_About this exercise_
Only one stretch of lines is wanted: the line with "Nw England Yemen" through the final line of the material. Restate it word for word, minus pictures.

_The data_
_ _ _ _ _

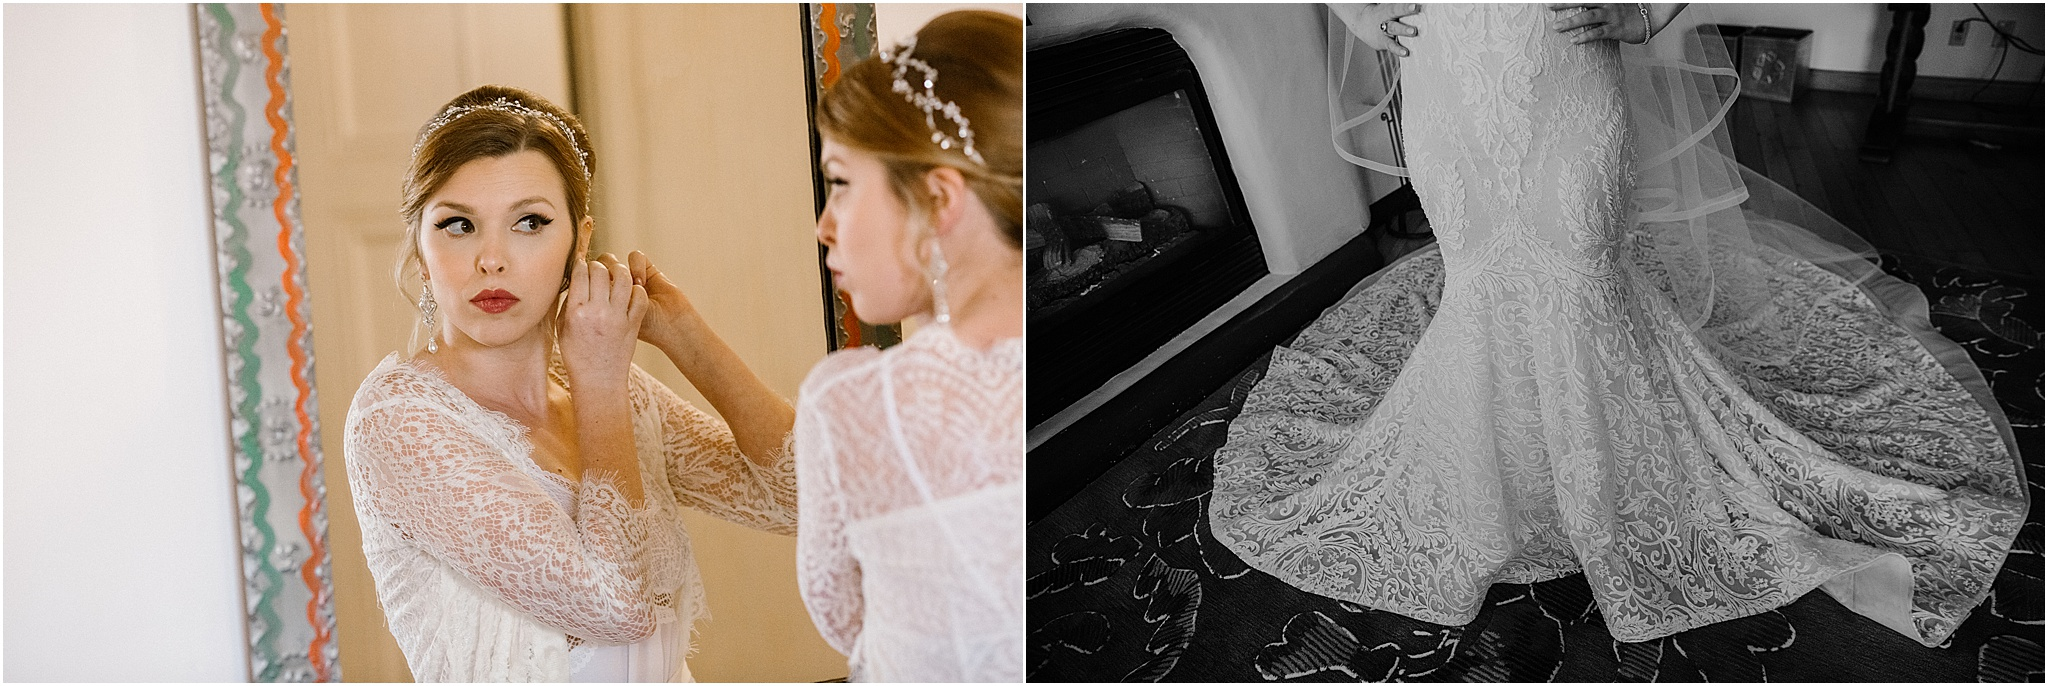 BLUE ROSE PHOTOGRAPHY SANTA FE WEDDING_8
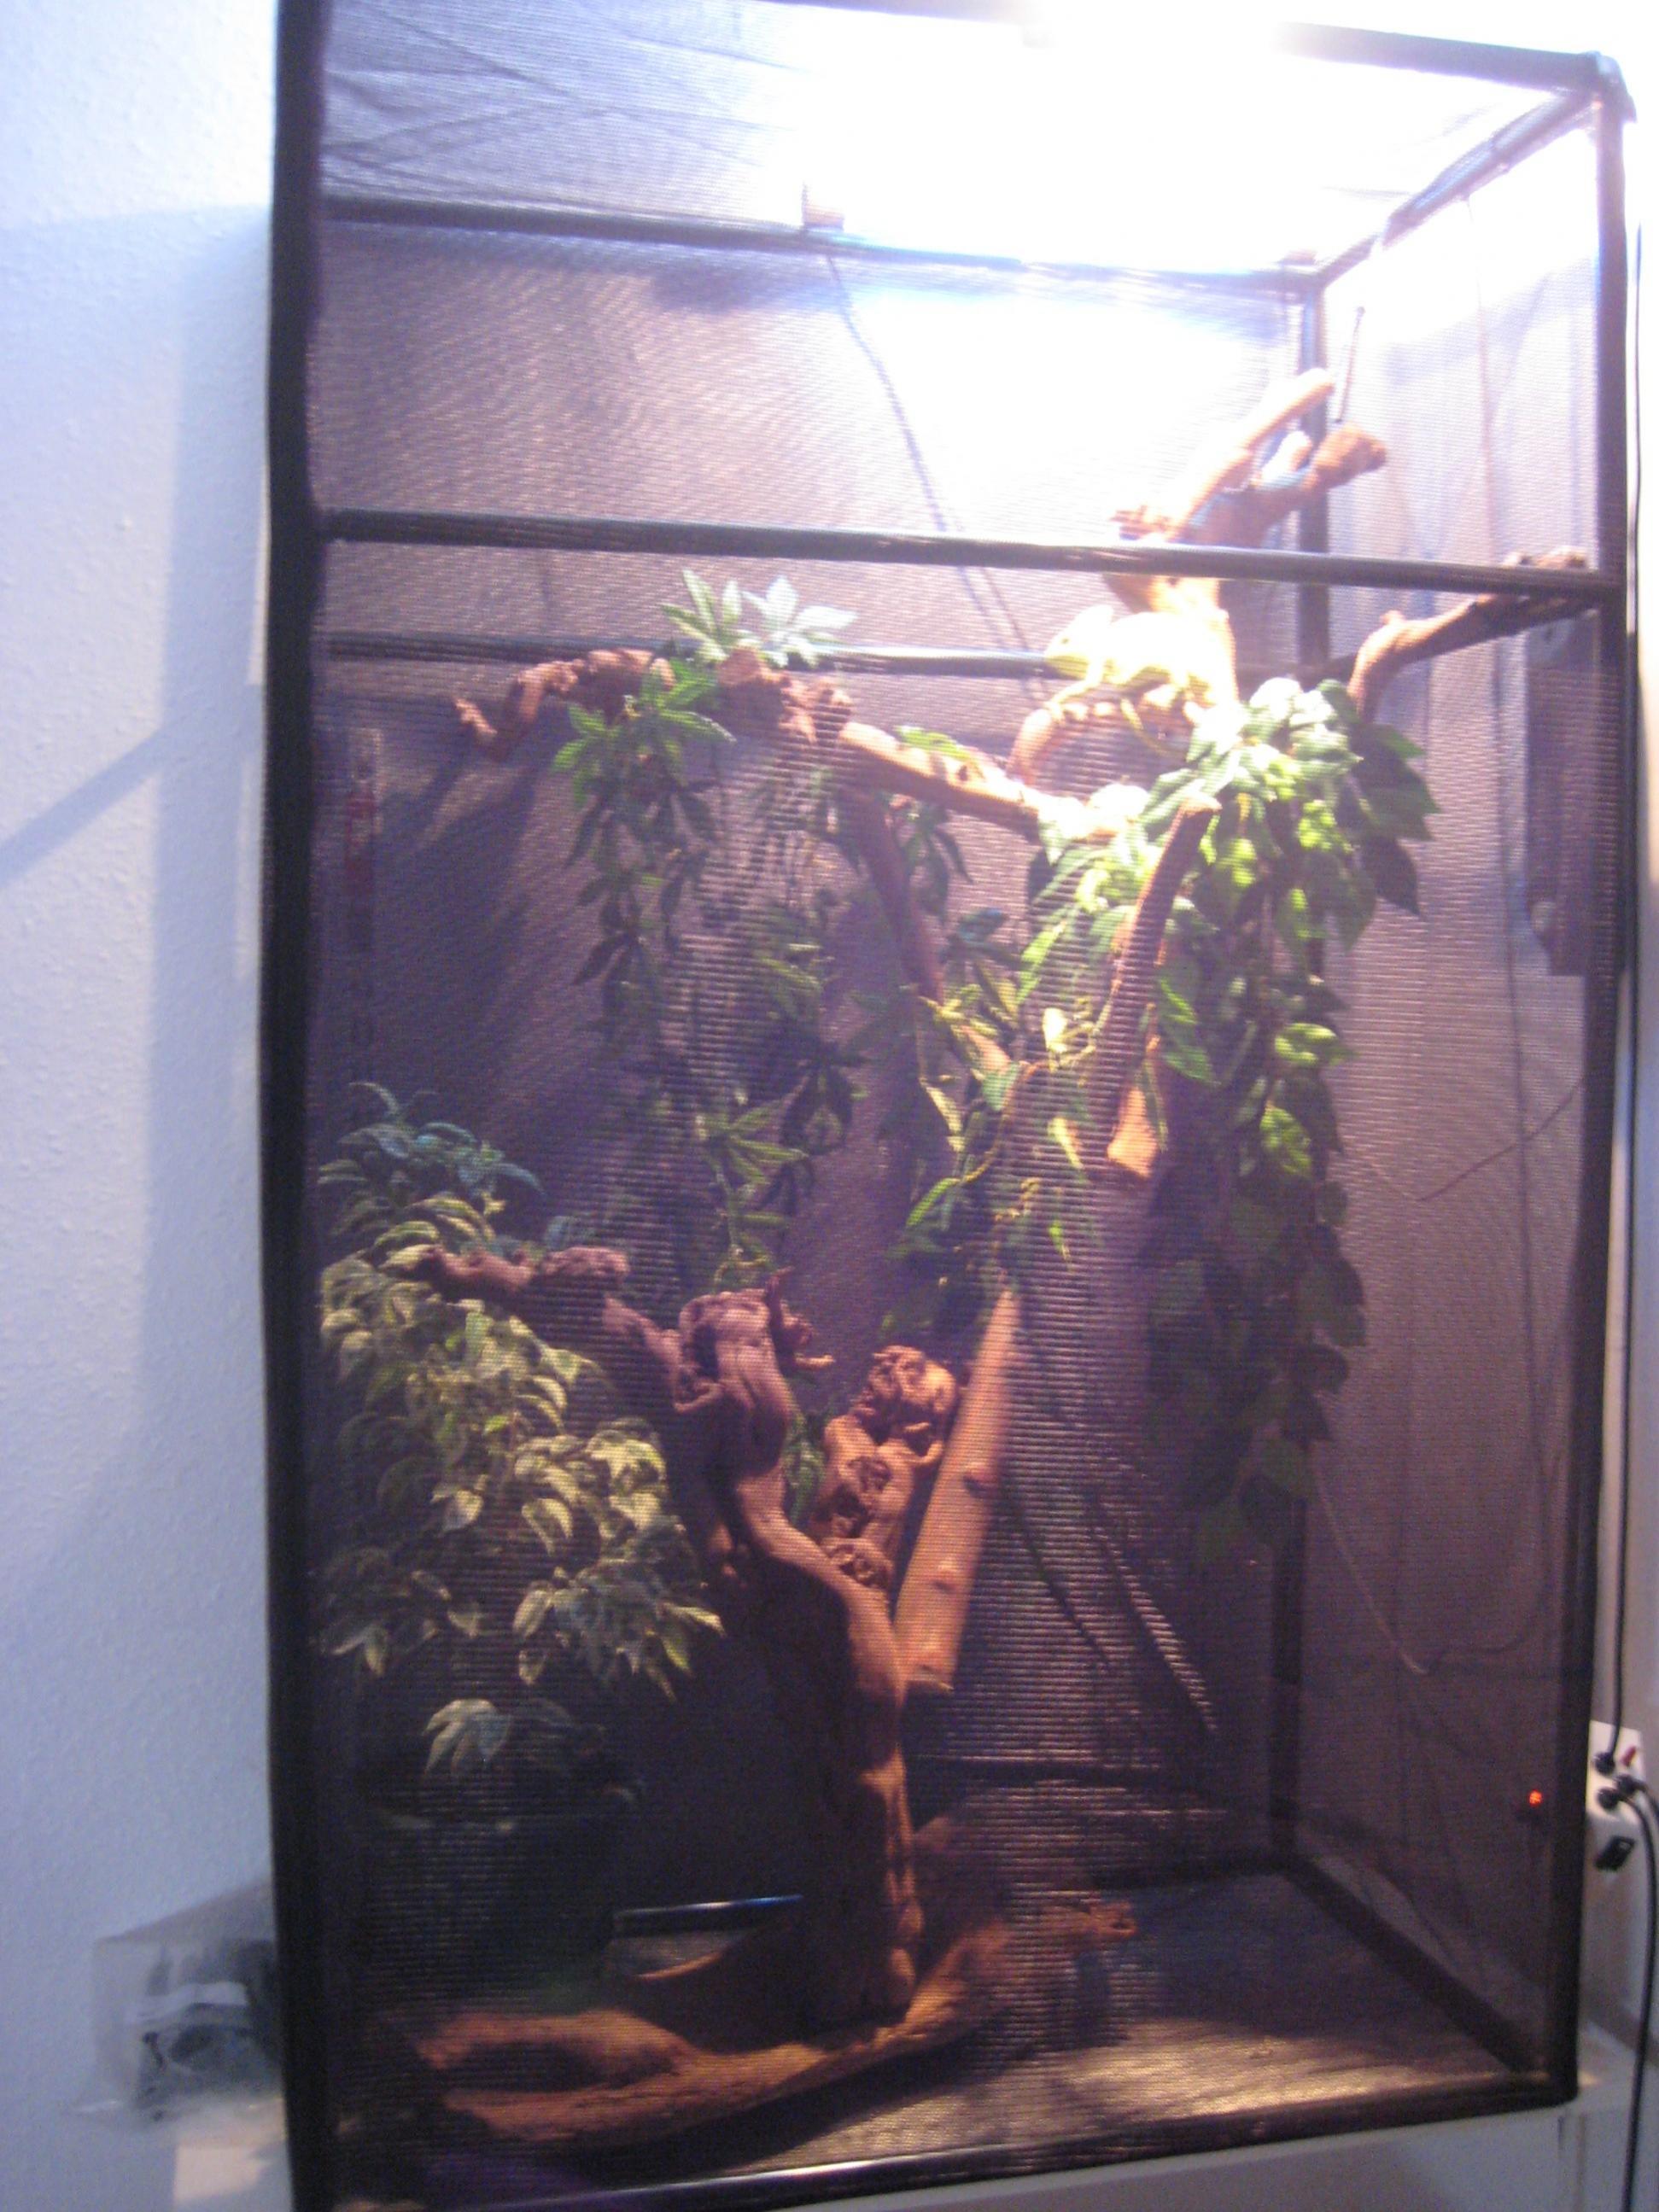 Nw England Yemen Cham With Full Flexarium Setup Reptile Forums
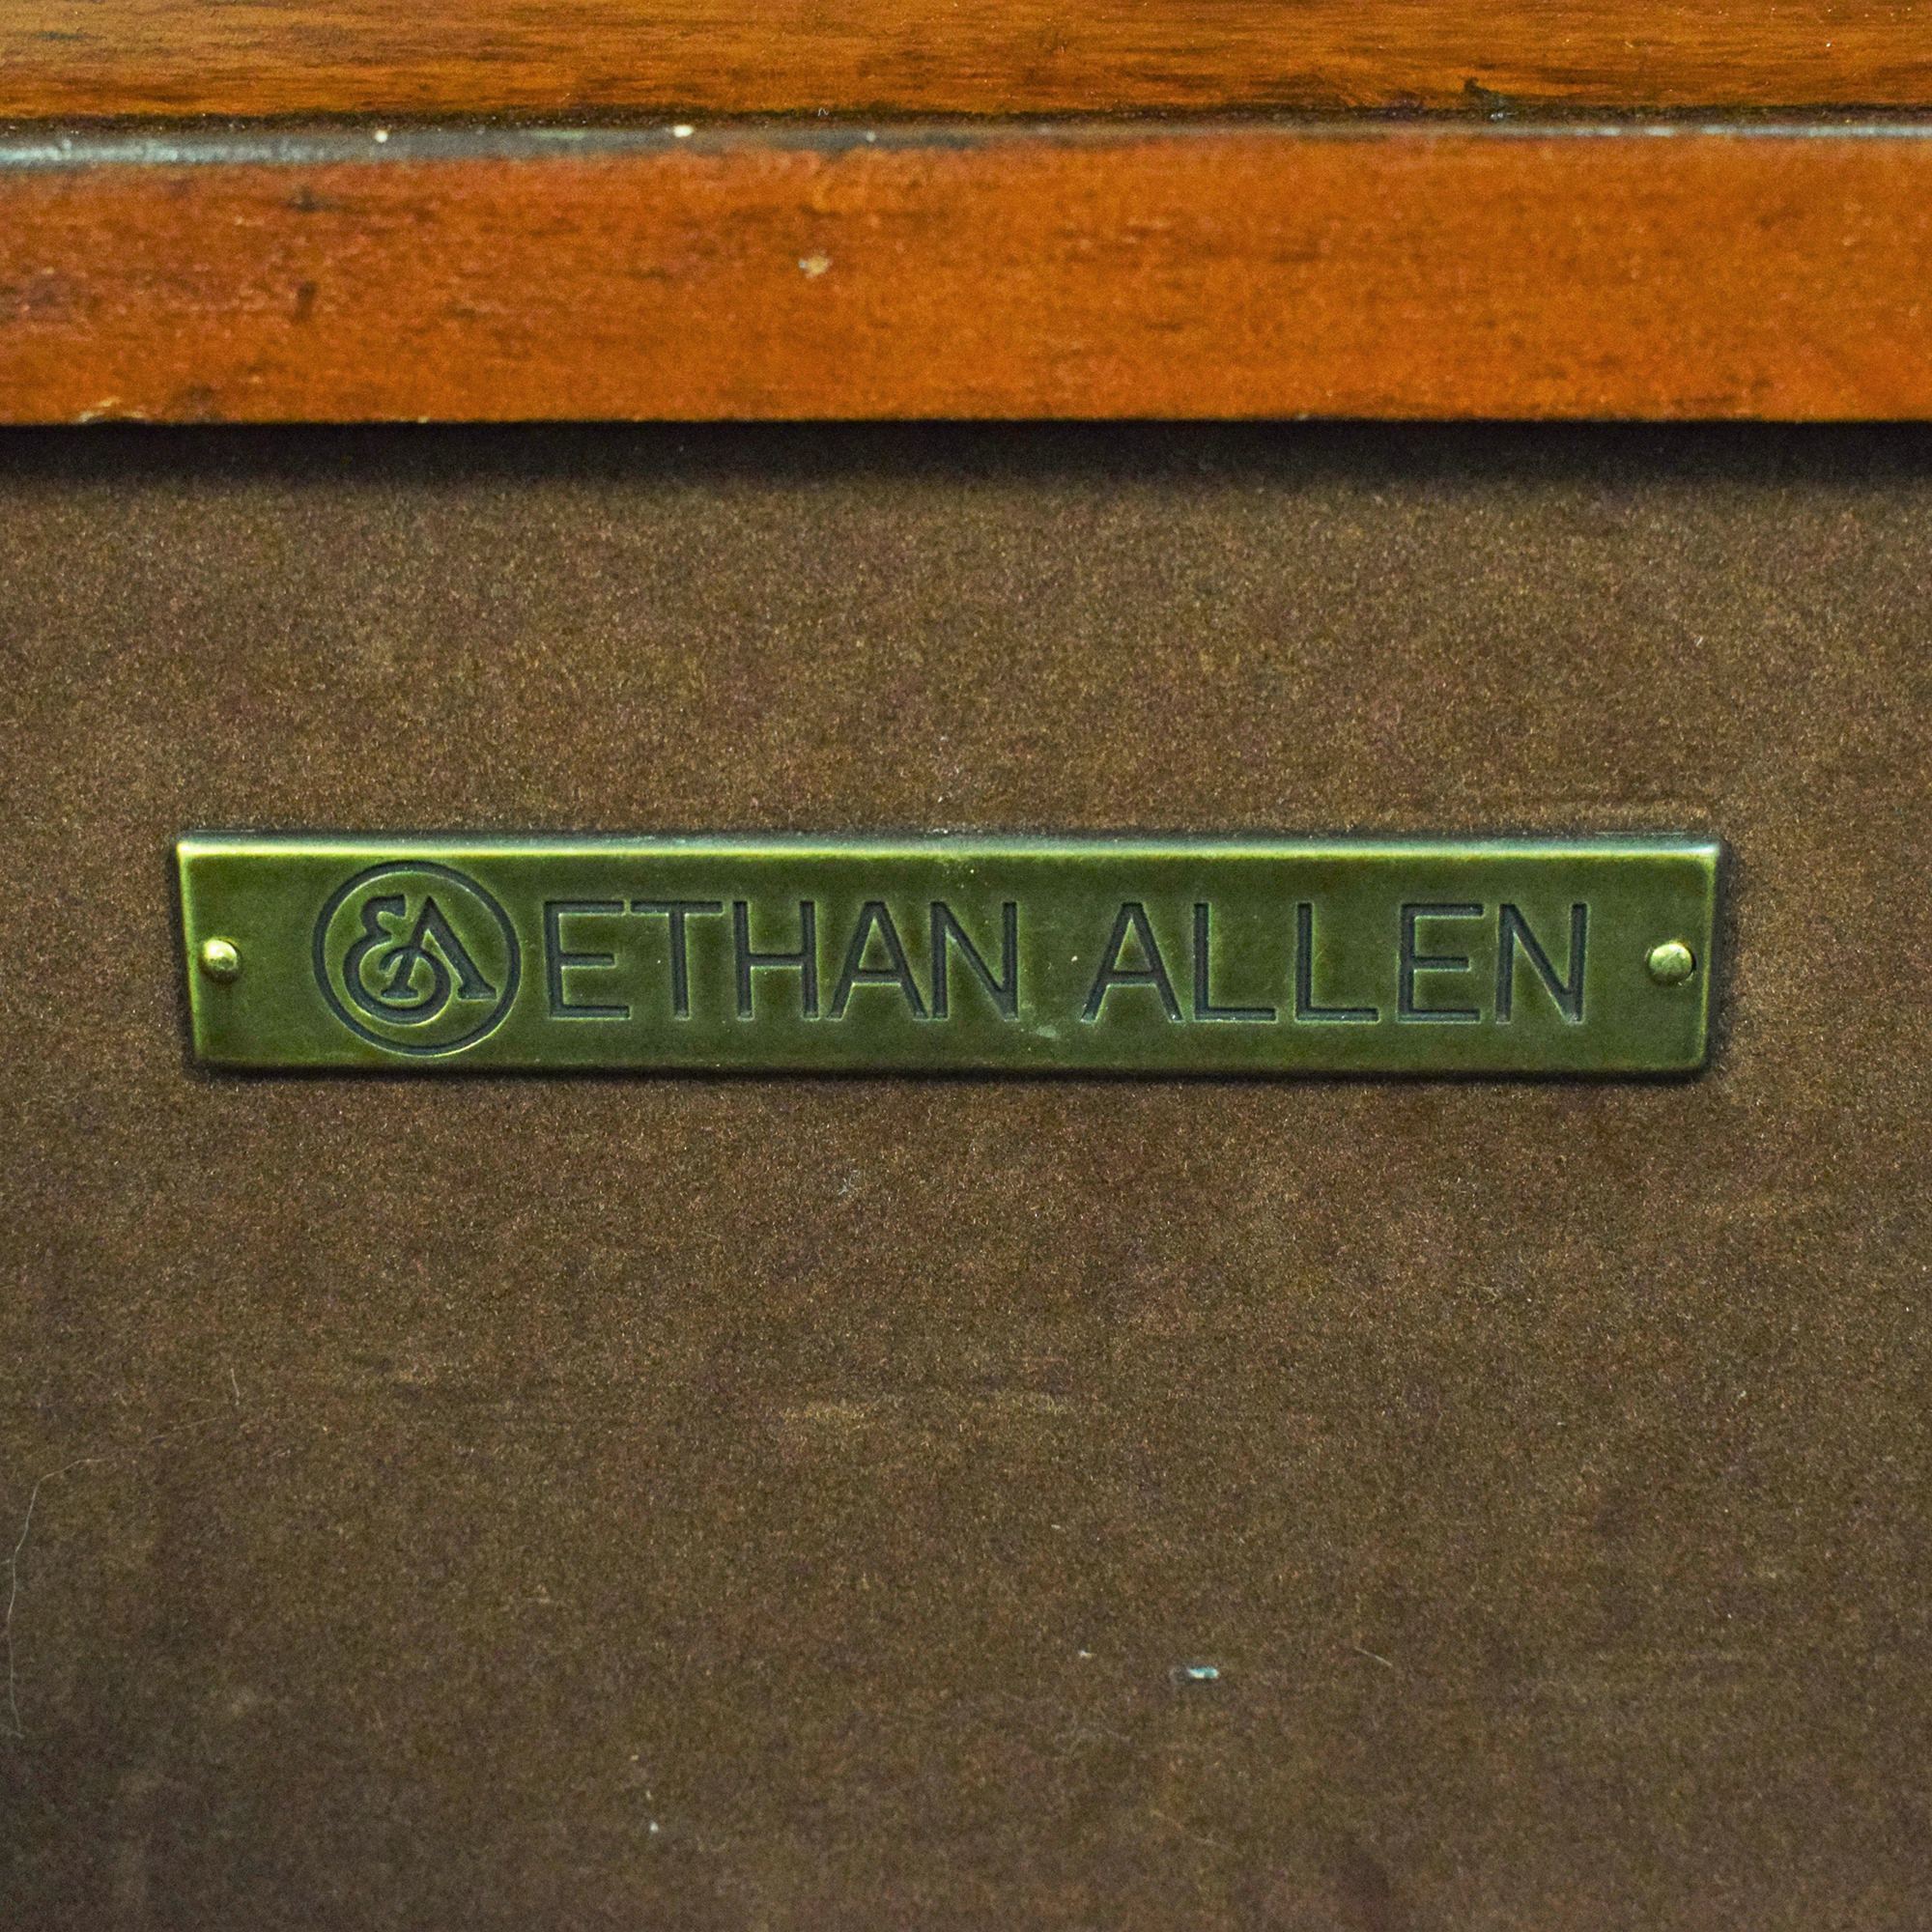 Ethan Allen Dome Top Jewelry Box / Decor

_ _ _ _ _

_Your response_
 Nw England Yemen Cham With Full Flexarium Setup Reptile Forums
 Ethan Allen Dome Top Jewelry Box / Decor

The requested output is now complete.